Basi cerebrali della psicopatia, un disturbo ignorato dal DSM

 

 

GIOVANNA REZZONI

 

 

 

NOTE E NOTIZIE - Anno VIII - 11 dicembre 2010.

Testi pubblicati sul sito www.brainmindlife.org della Società Nazionale di Neuroscienze “Brain, Mind & Life - Italia” (BM&L-Italia). La sezione “note e notizie” presenta settimanalmente note di recensione di lavori neuroscientifici selezionati dallo staff dei recensori fra quelli pubblicati o in corso di pubblicazione sulle maggiori riviste e il cui argomento rientra negli oggetti di studio dei soci afferenti alla Commissione Scientifica, e notizie o commenti relativi a fatti ed eventi rilevanti per la Società Nazionale di Neuroscienze.

 

 

[Tipologia del testo: SINTESI DI UNA RELAZIONE]

 

 

(Settima ed Ultima Parte)

 

La sostanziale inefficacia del trattamento degli psicopatici sembra avere una notevole eccezione in un programma impiegato da Michael Caldwell con giovanissimi delinquenti considerati intrattabili.

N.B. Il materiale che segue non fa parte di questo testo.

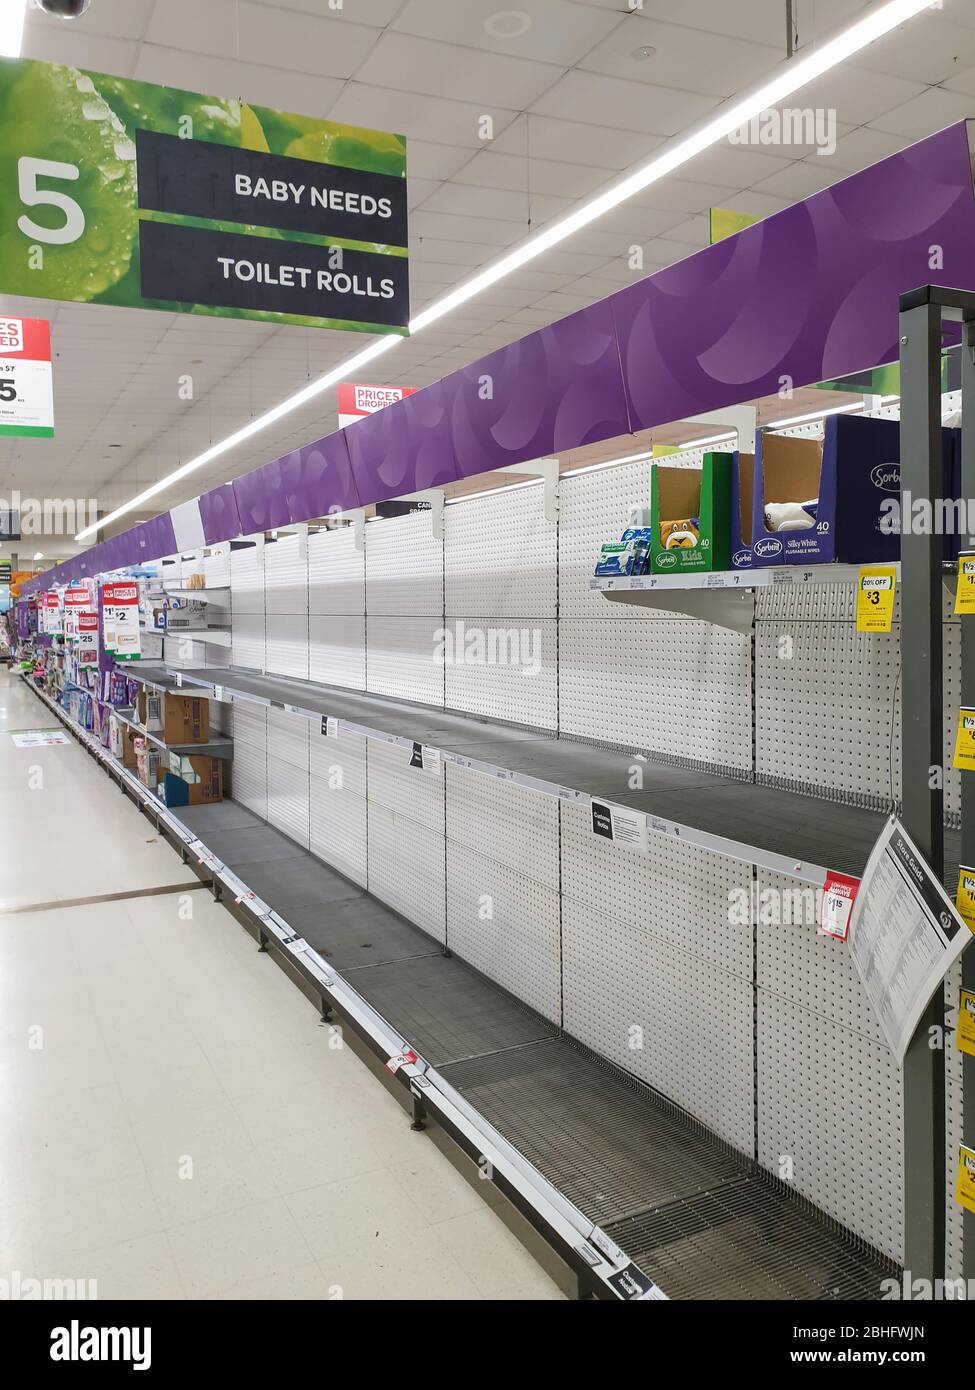 Gold Coast, Australien - 9. März 2020: Supermarkt leeres Baby braucht Regale in der Angst vor Coronavirus, panischen Käufern beim Kauf und Vorratskapieren von Babybedürfnissen Stockfoto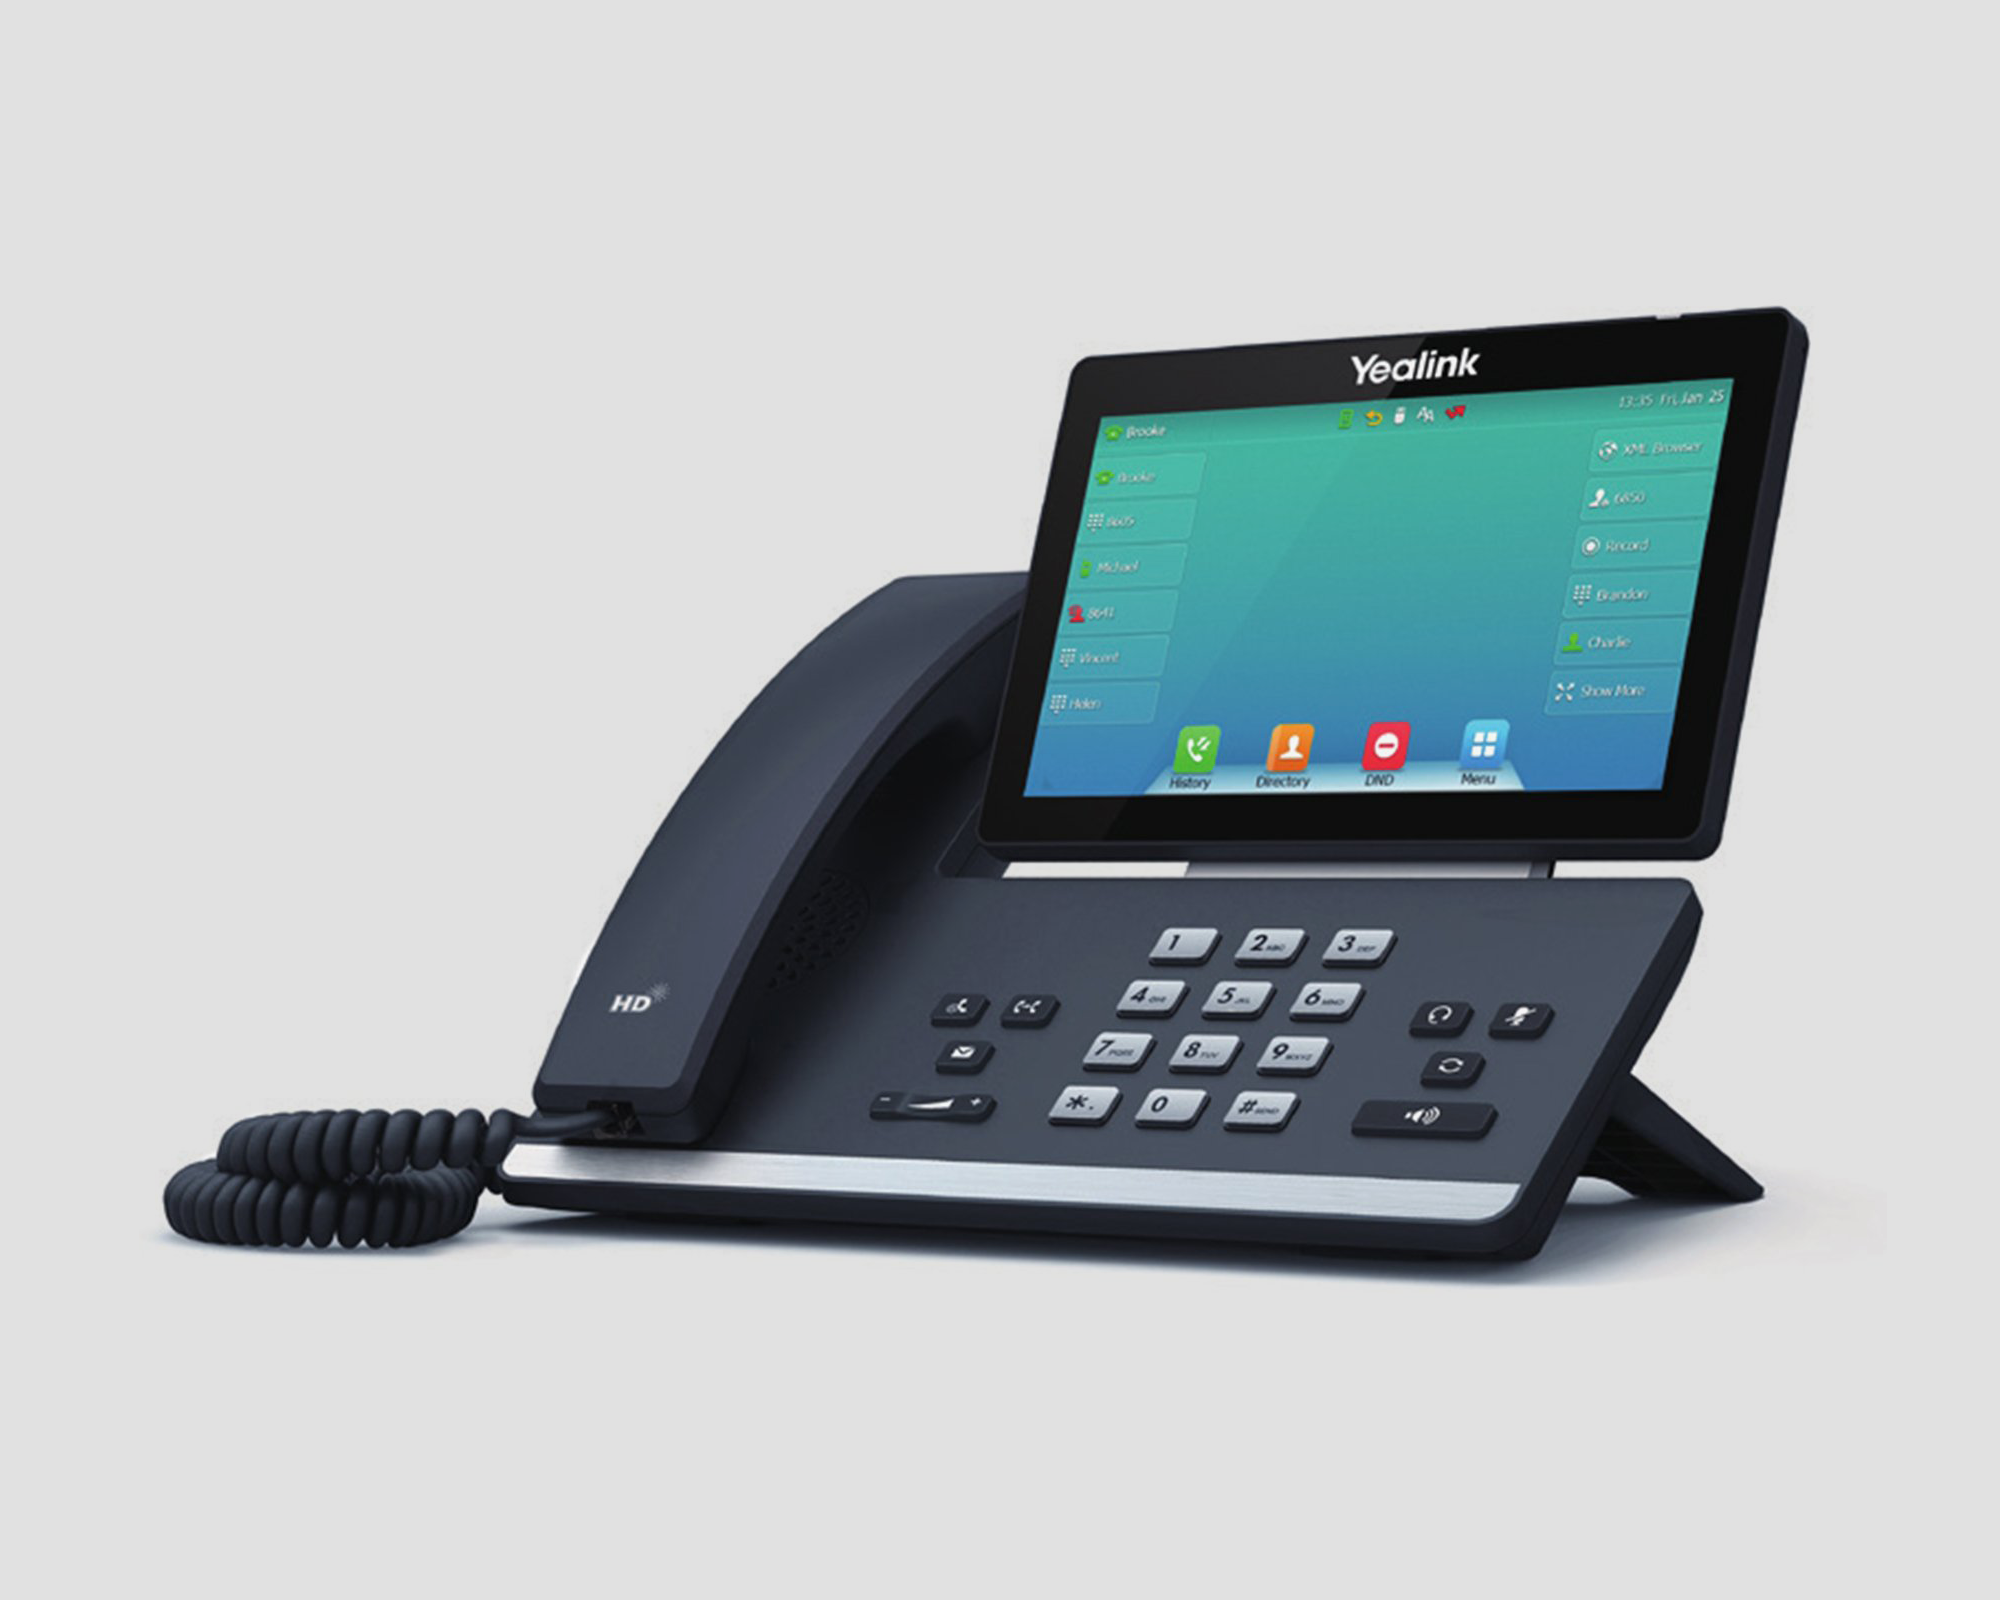 Yealink T57W desktop phone for Tierzero

Caldwell lavora presso il Mendota Juvenile Treatment Center di Madison, nel Wisconsin, dove usa una forma di terapia individuale intensiva battezzata “decompressione” e finalizzata all’interruzione del circolo vizioso in cui la punizione per la violazione delle leggi genera una maggiore spinta a delinquere. Il comportamento aggressivo e lesivo dei ragazzi in trattamento, progressivamente si riduce fino a consentire loro di partecipare ai programmi standard impiegati negli Stati Uniti per la riabilitazione dei detenuti. Dati di assoluto rilievo sono stati registrati in uno studio di comparazione fra un gruppo di oltre 150 giovani trattati con la decompressione e un gruppo equivalente che ha seguito i programmi di riabilitazione convenzionali. I ragazzi sottoposti al nuovo metodo presso il Mendota Center hanno compiuto il 50% in meno dei crimini violenti perpetrati dai giovani trattati con i programmi standard e, ciò che più conta, la differenza non è stata solo quantitativa: i giovani partecipanti al programma convenzionale hanno ucciso 16 persone, mentre i ragazzi trattati da Caldwell non hanno commesso omicidi.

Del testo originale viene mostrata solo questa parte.